▸ WHAT IS REQUIRED
Below are some records. Return exactly their lines from the one containing "baby toddler child" through the one containing "Unemployment generic", and drop the pictures.
(Beginning of SUPPLIED ENTRIES)
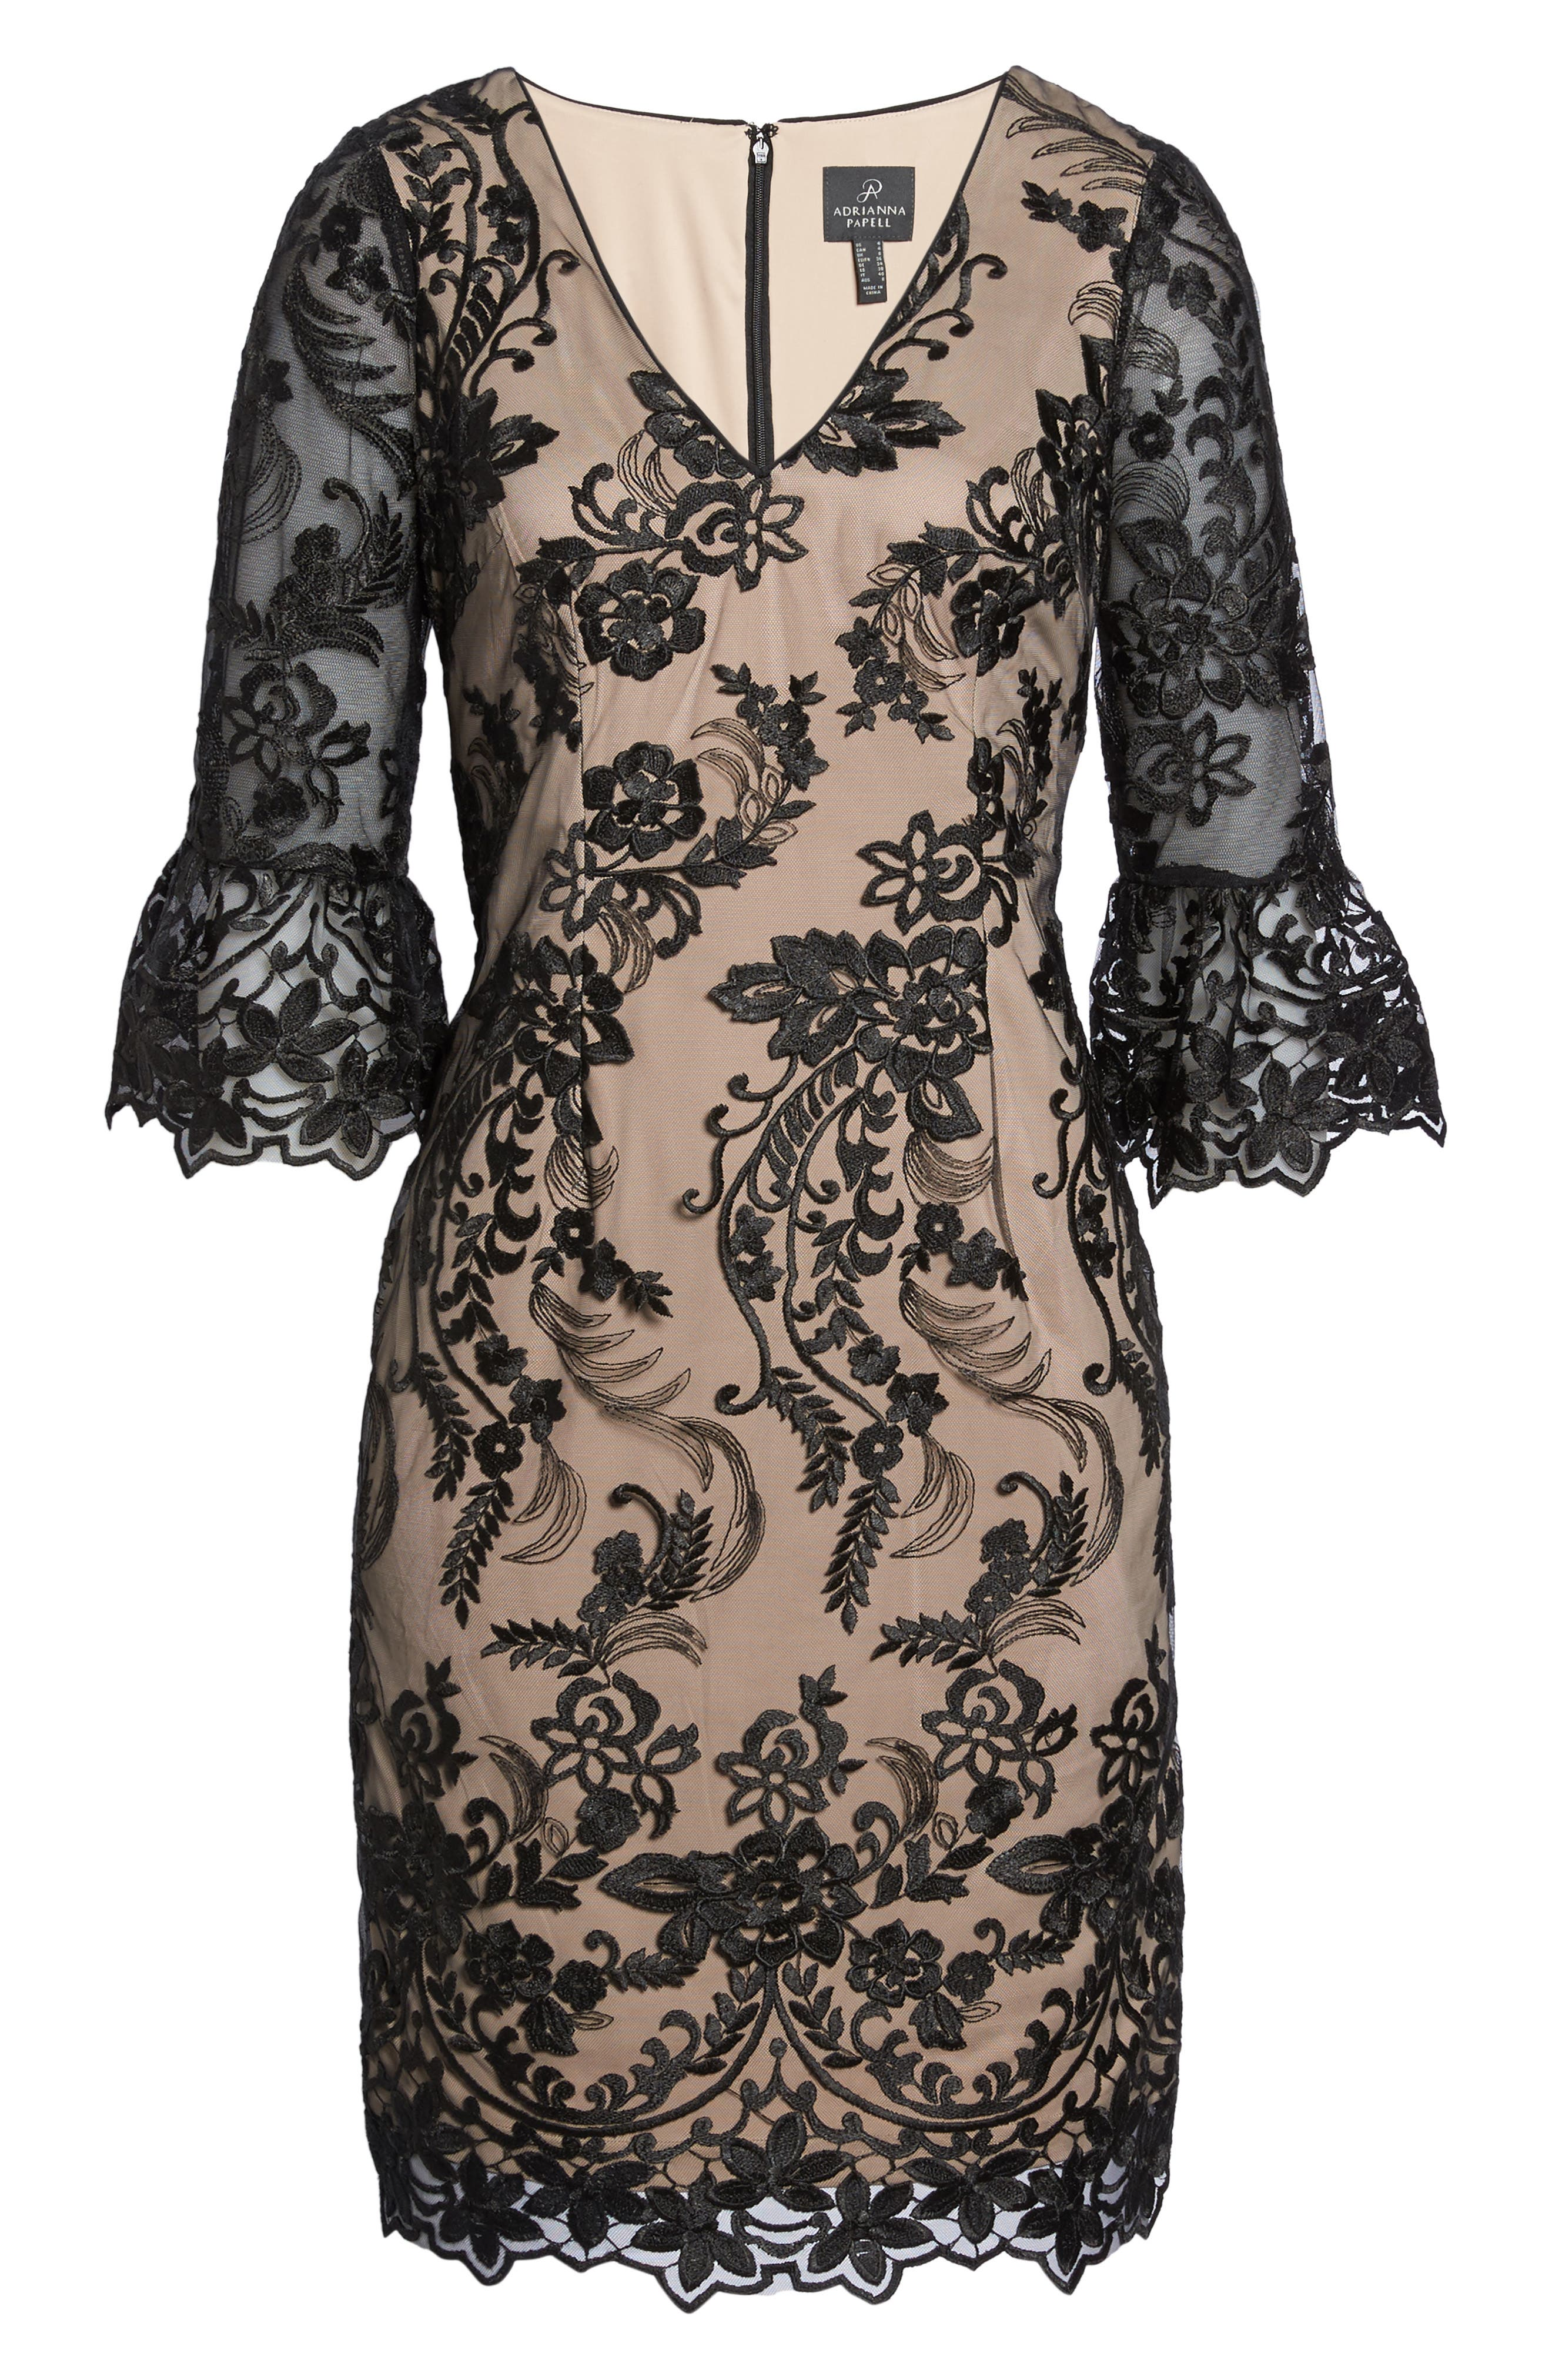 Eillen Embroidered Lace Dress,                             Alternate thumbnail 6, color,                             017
(End of SUPPLIED ENTRIES)
(Beginning of SUPPLIED ENTRIES)
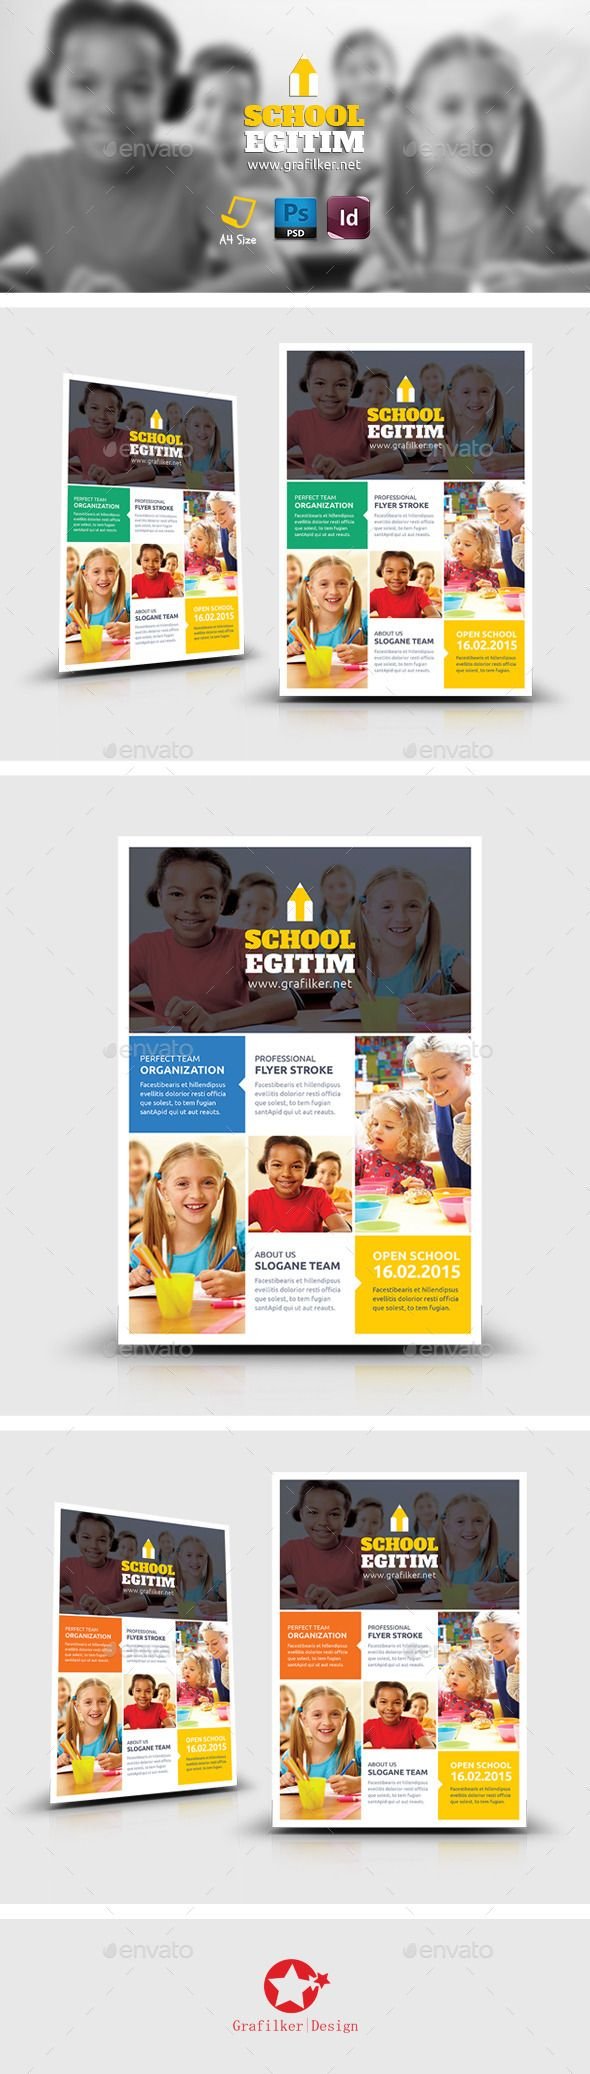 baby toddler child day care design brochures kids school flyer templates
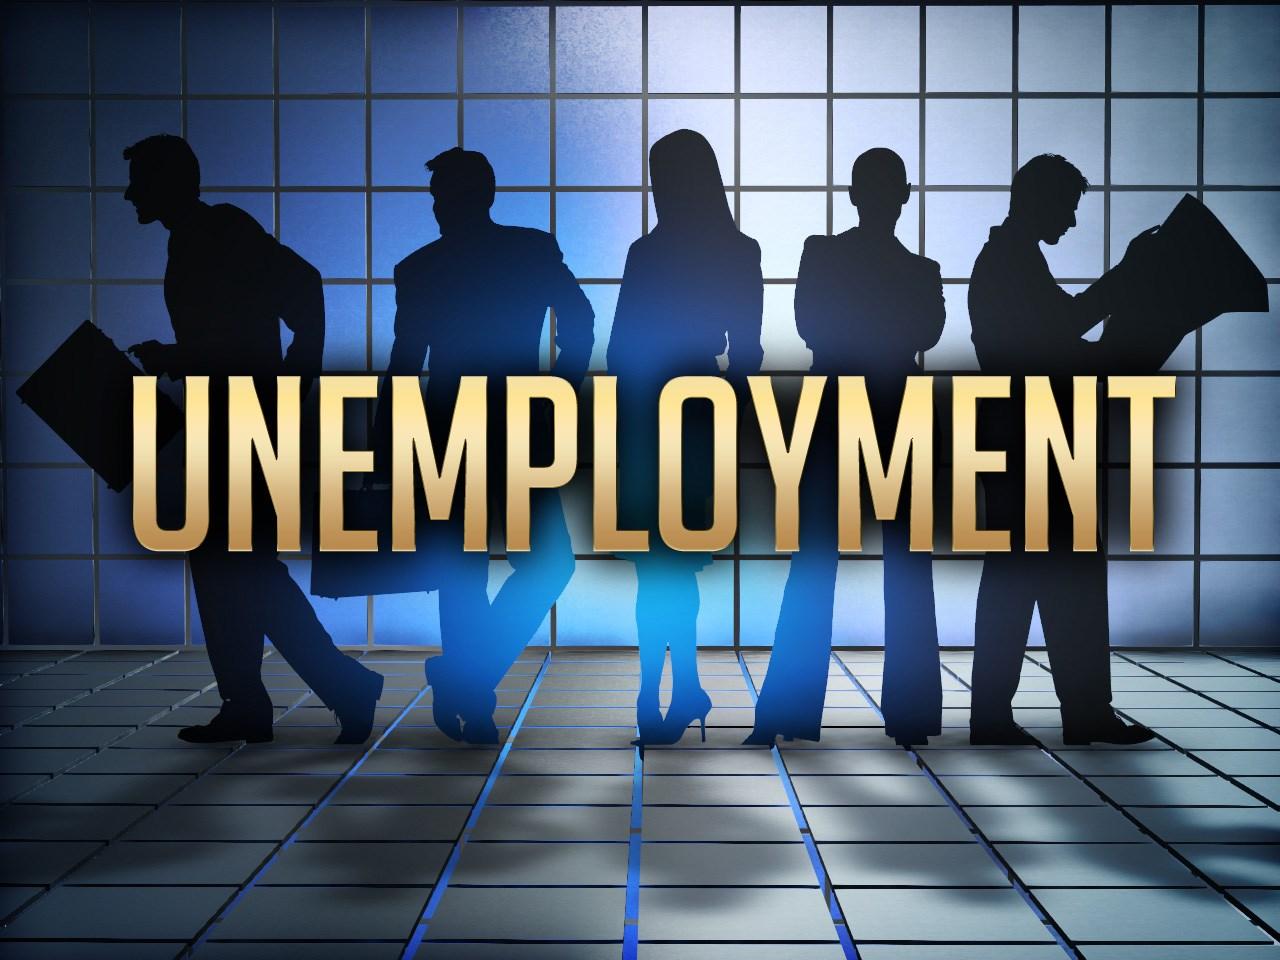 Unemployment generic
(End of SUPPLIED ENTRIES)
(Beginning of SUPPLIED ENTRIES)
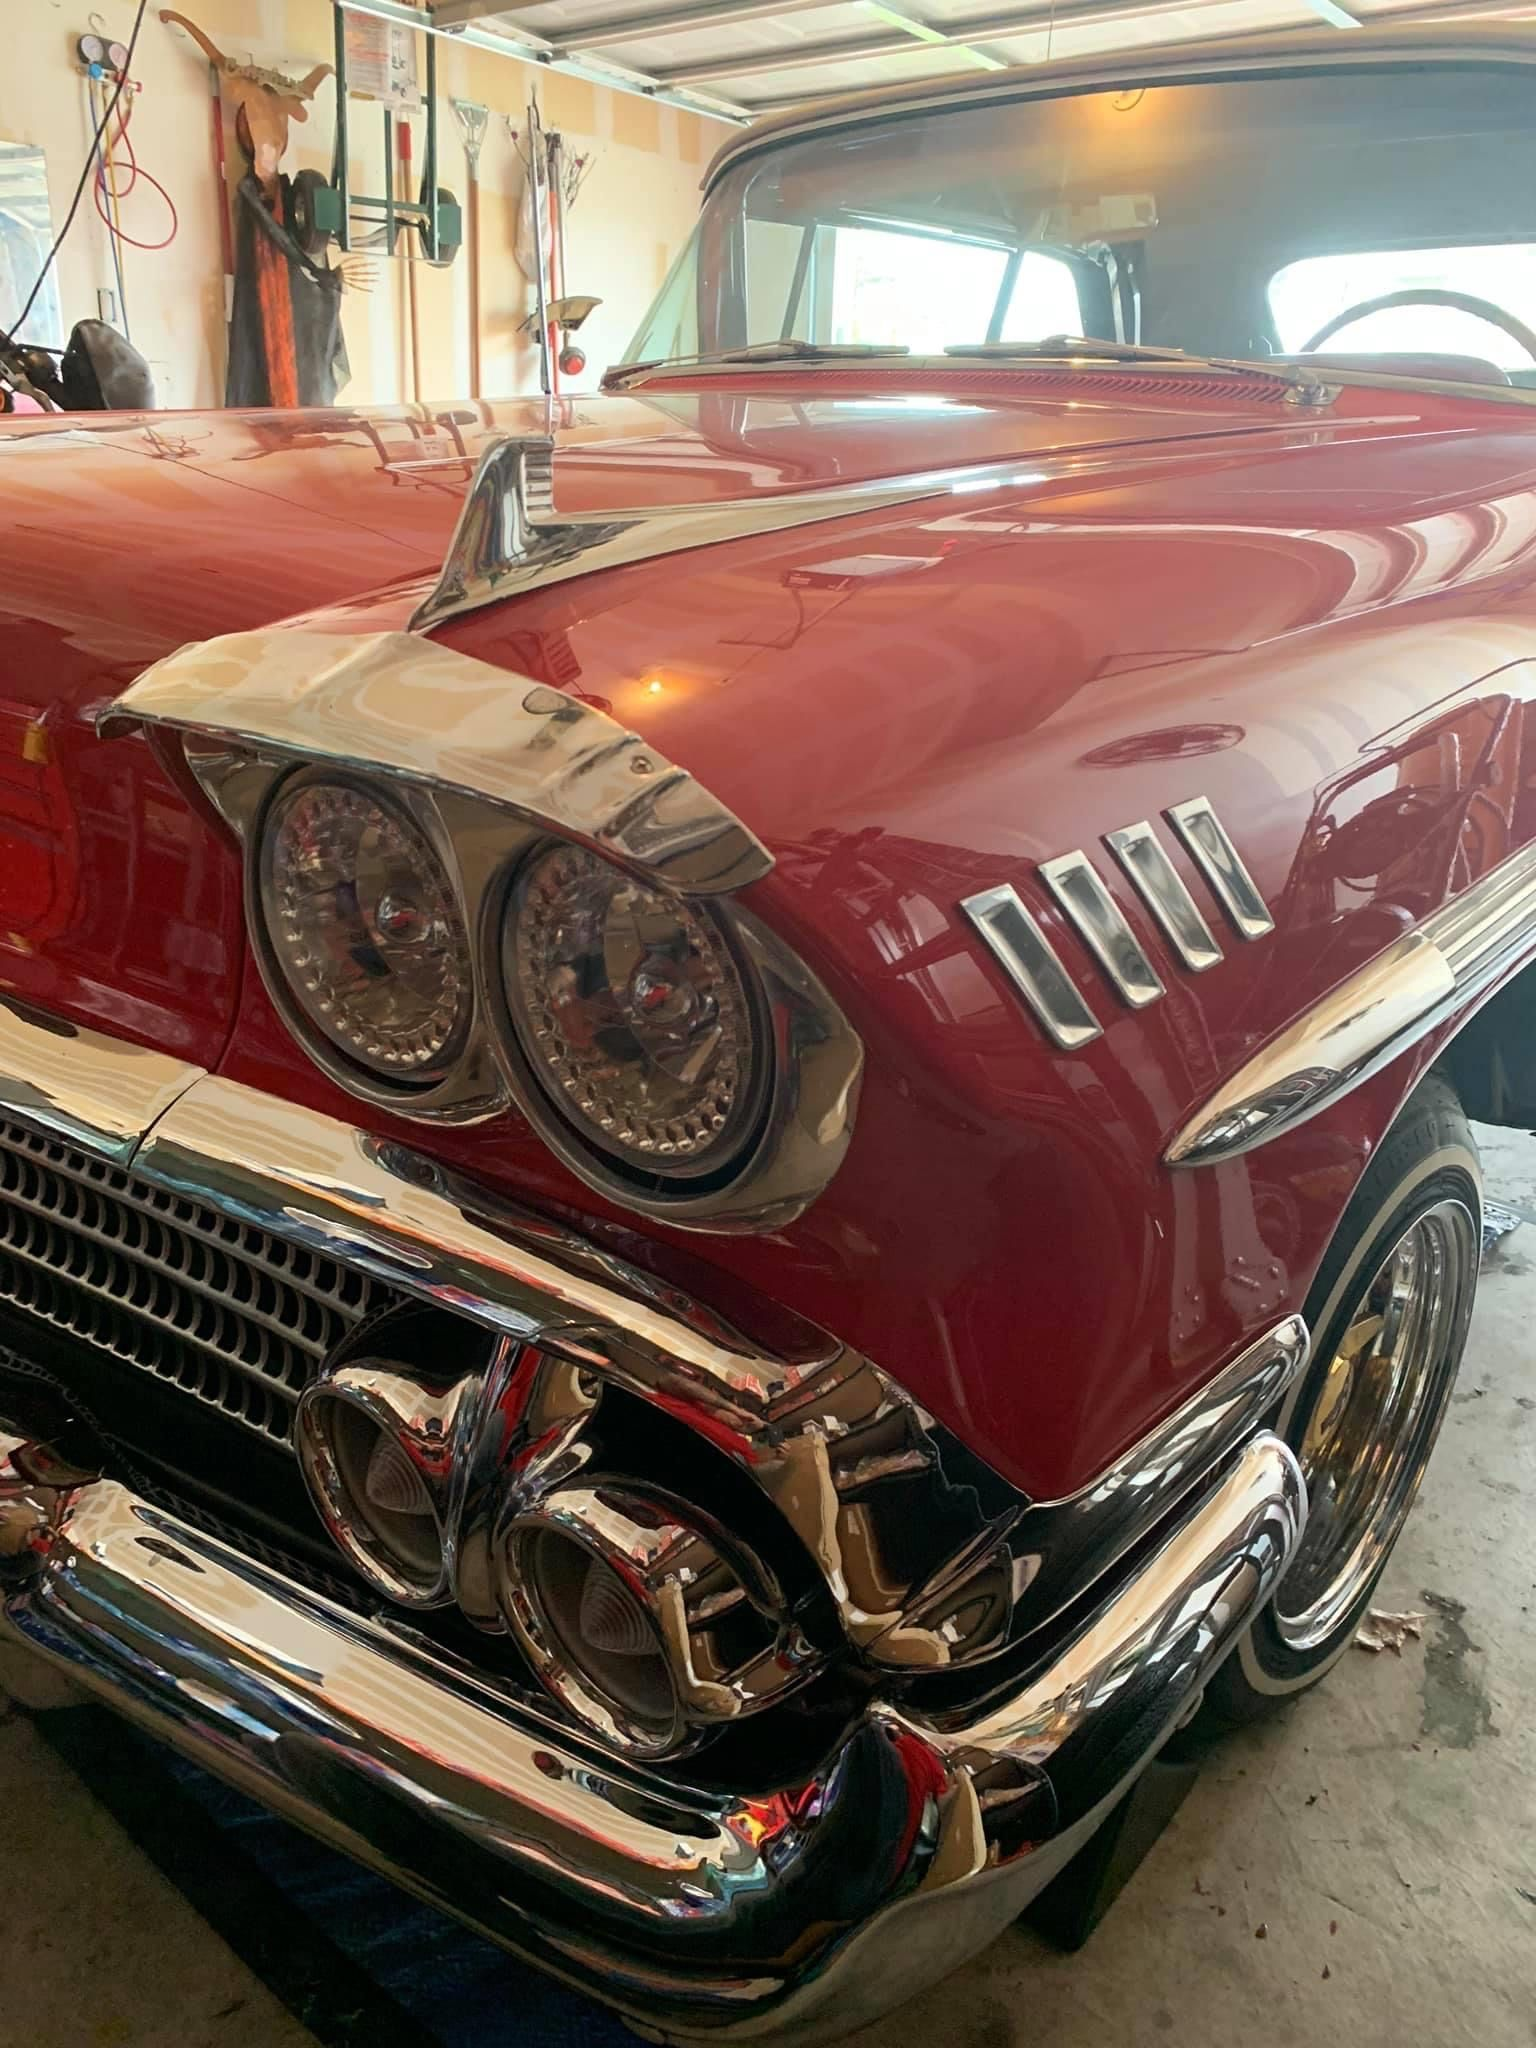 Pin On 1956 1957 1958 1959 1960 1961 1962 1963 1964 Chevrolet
(End of SUPPLIED ENTRIES)
▸ REPLY TO THE EXERCISE
 baby toddler child day care design brochures kids school flyer templates
 Unemployment generic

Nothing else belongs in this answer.